One Size Does NOT Fit All: Choosing the Tactics Your Campaign Needs to Succeed

Apr 11, 2018

Crafting a strategic communications plan is a lot like mapping out your route for a road trip. Organization and forecasting is critical. You know where you want to end up, but there are a lot of different combinations of roads you can take to get there. Nowadays, it’s pretty easy to navigate a road trip, thanks to Google and Apple Maps and Waze. However, until there’s an app for strategic communications planning, it’s vital that we break out the old map book and thoughtfully and carefully chart a step-by-step roadmap to prepare for each and every project and campaign.
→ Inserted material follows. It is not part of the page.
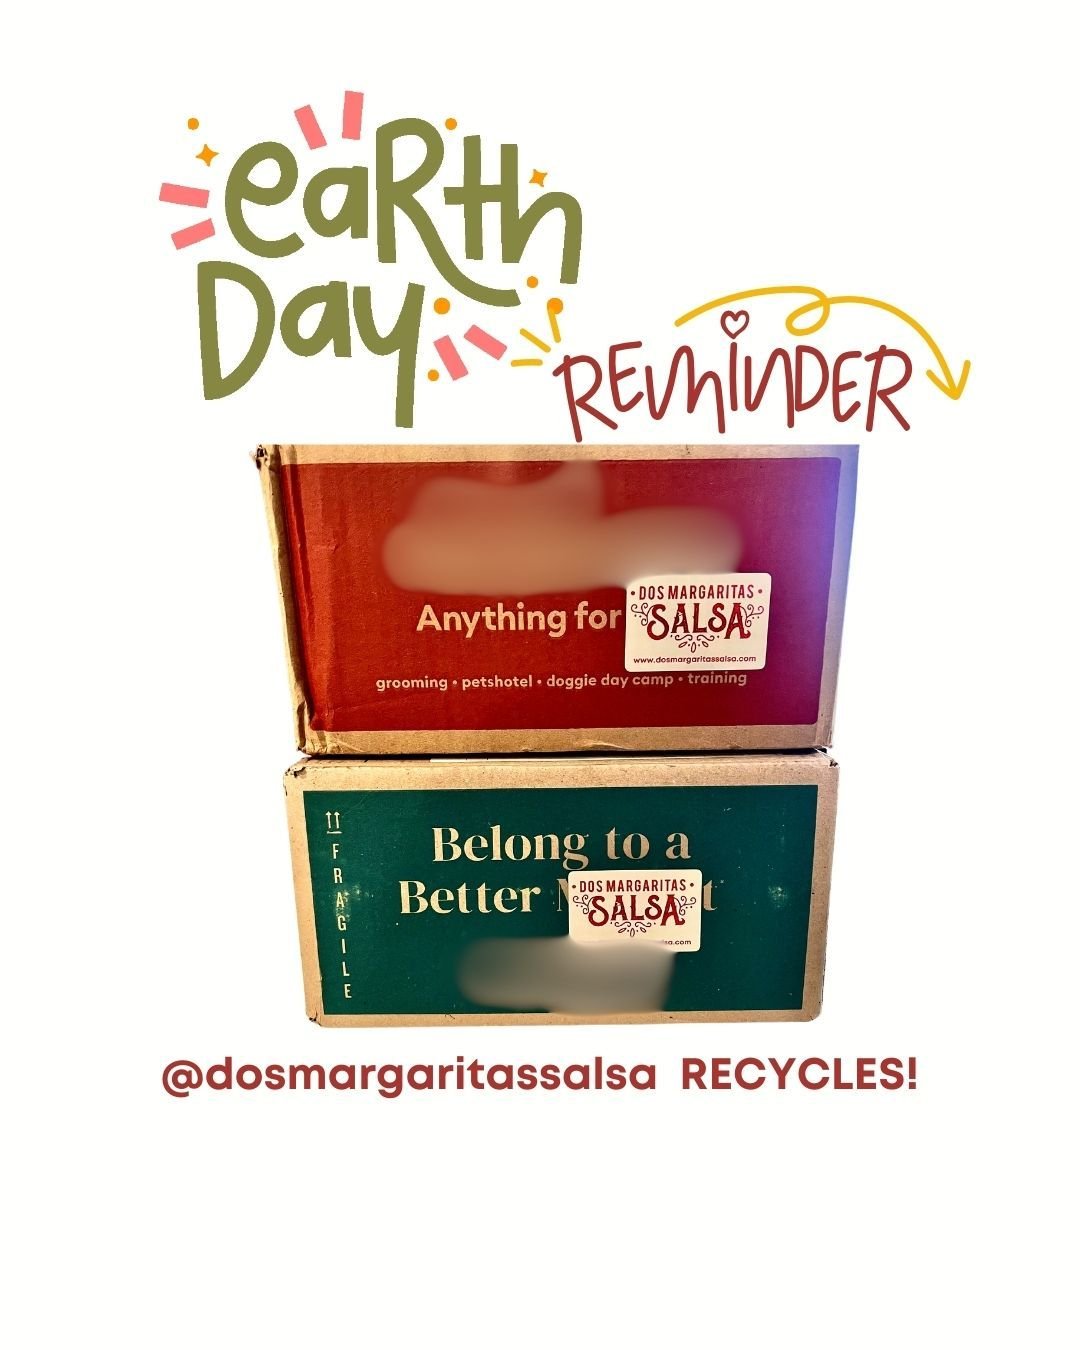 Box it up, y'all! 📦♻️ Did you know? We give our shipping boxes a second life to keep our costs low and show some love to our planet! Now that&rsquo;s an everyday celebration we can all get behind. 🌎 Let's keep the good vibes going by recycling toge

For strategic communications, you chart your route to success not through a combination of roads, but through a combination of tactics. There are dozens of different communications tactics to choose from, and they can be implemented together in hundreds of different combinations that have the potential to complement each other and generate a seemingly infinite number of different outcomes.
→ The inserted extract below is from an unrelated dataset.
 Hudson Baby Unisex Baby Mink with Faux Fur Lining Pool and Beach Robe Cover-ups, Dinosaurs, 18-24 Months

So how do you choose the right combination that will get you to your destination? Here are five tips to get you started down the route to success when it comes to identifying tactics:

1. There’s [almost] never a single silver bullet
It’s very unlikely that just one or even just a few tactics by themselves will be enough to get you to the winner’s circle. You need to carefully look at what your objective is, who your key audiences are and what your messages are to determine what combination of tactics will allow you to reach your audiences, convey your messages and execute calls to action that ultimately achieve your objectives.
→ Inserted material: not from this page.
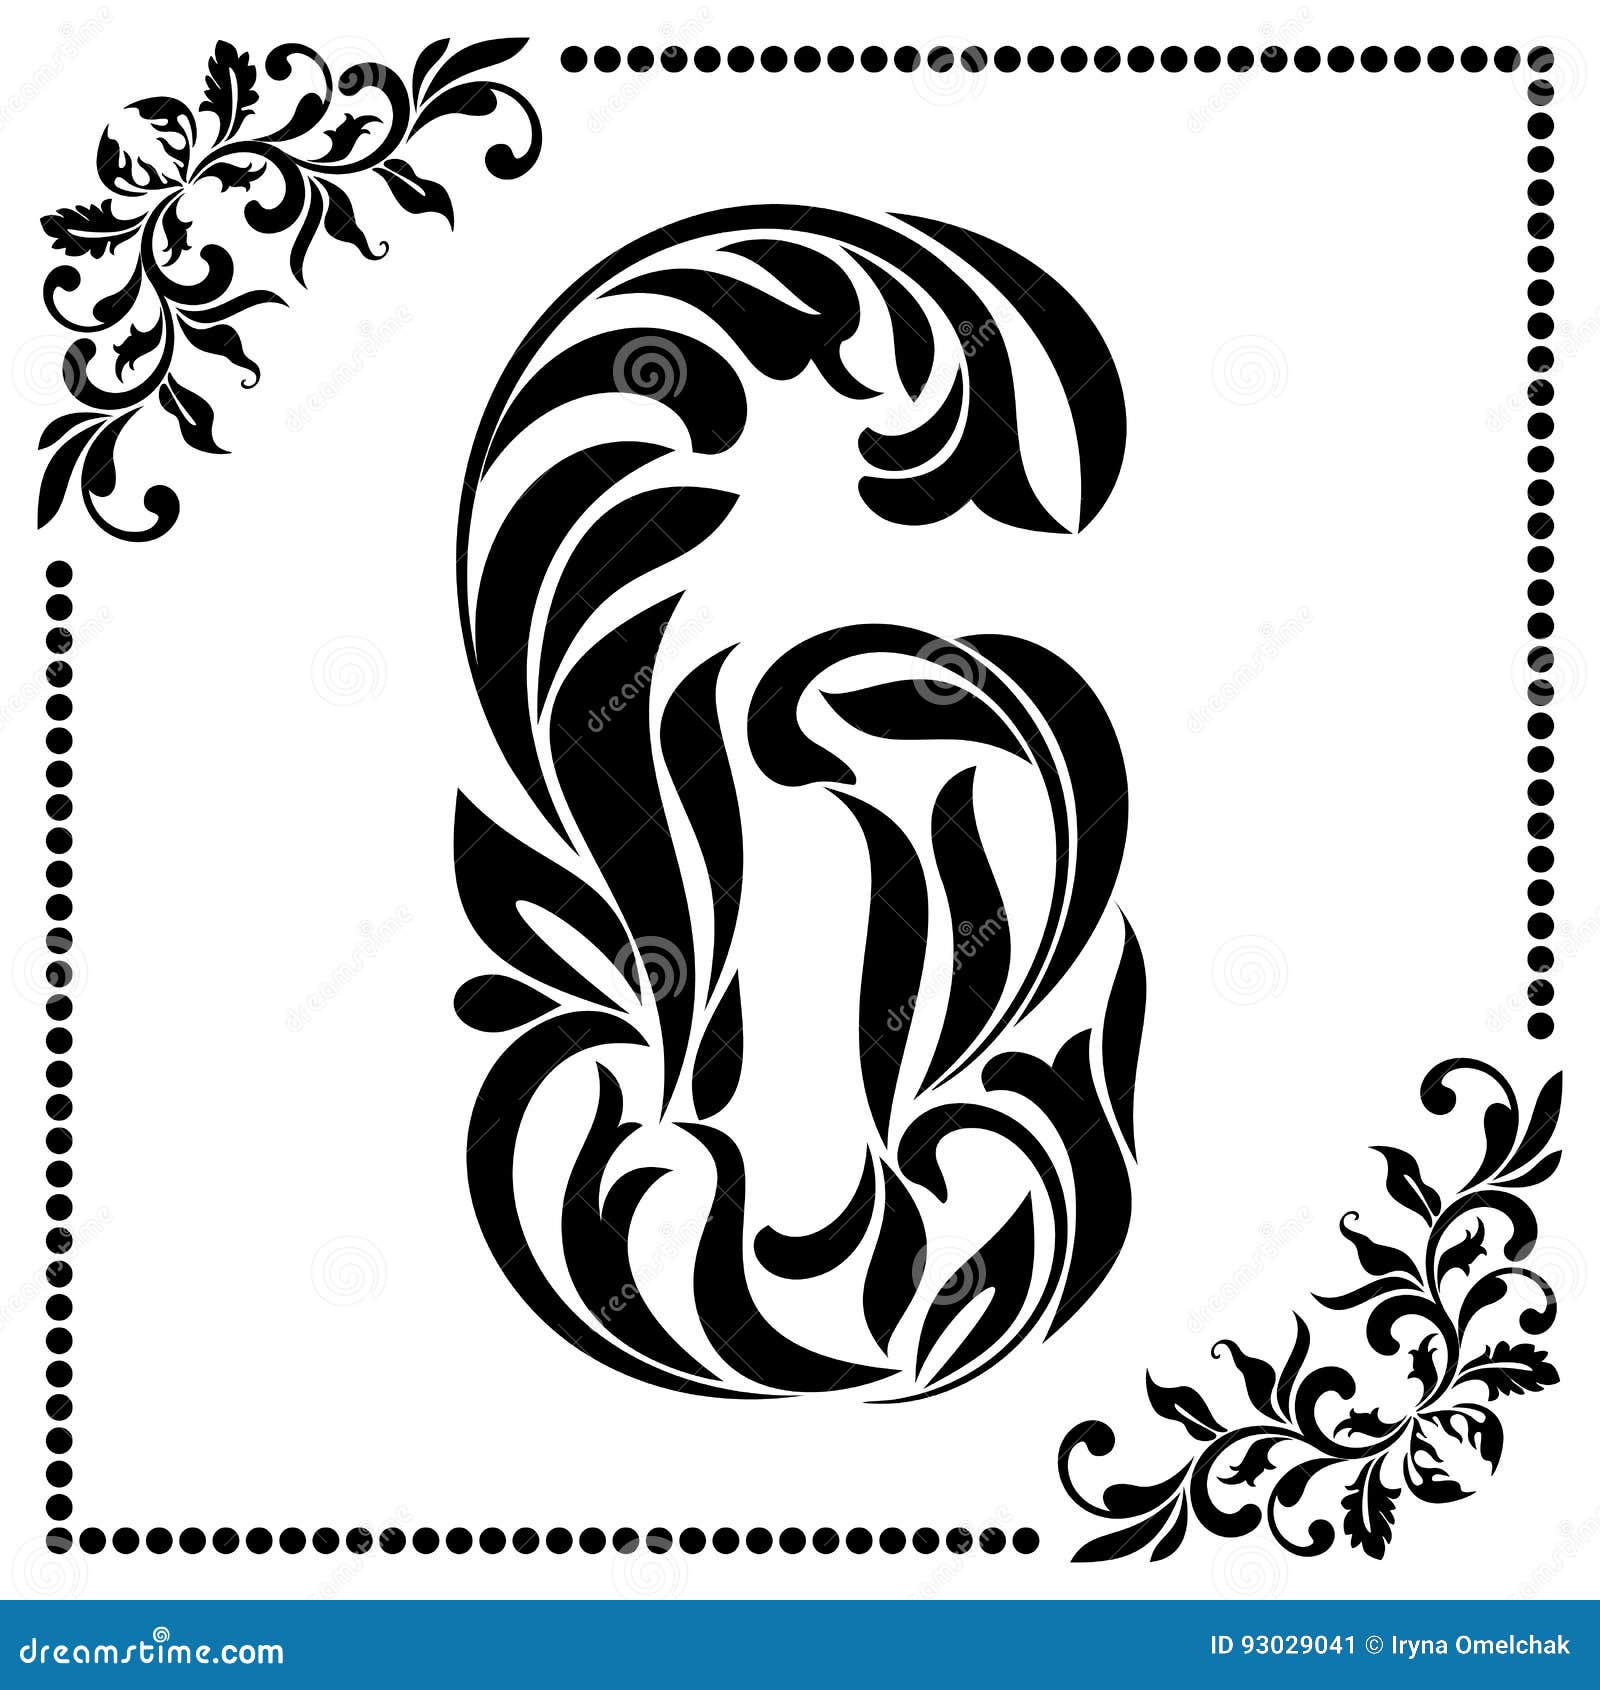 Decorative Font With Swirls And Floral Elements. Ornate Decorate Stock ...

2. Consider your audience(s)
If you’re targeting Gen Z, you want to advertise on Snapchat, not Facebook. If you want to reach millennials, print ads in the Sunday paper likely won’t get it done. Figure out where your audience spends time – whether that’s in the real world or in the digital universe – and reach them there.

3. Work smarter, not harder 
If you need to reach a very specific handful of decision-makers to accomplish your objective for a project, the most direct path to success may not be a large-scale, public communications push. The shortest distance between start and finish is a straight line, so if you can go directly to the individual(s) you need to reach, or even just to each of their inner circles, you’re much more likely to succeed than if you go all in on a major ad buy and just hope they watch the right channel or visit the right website.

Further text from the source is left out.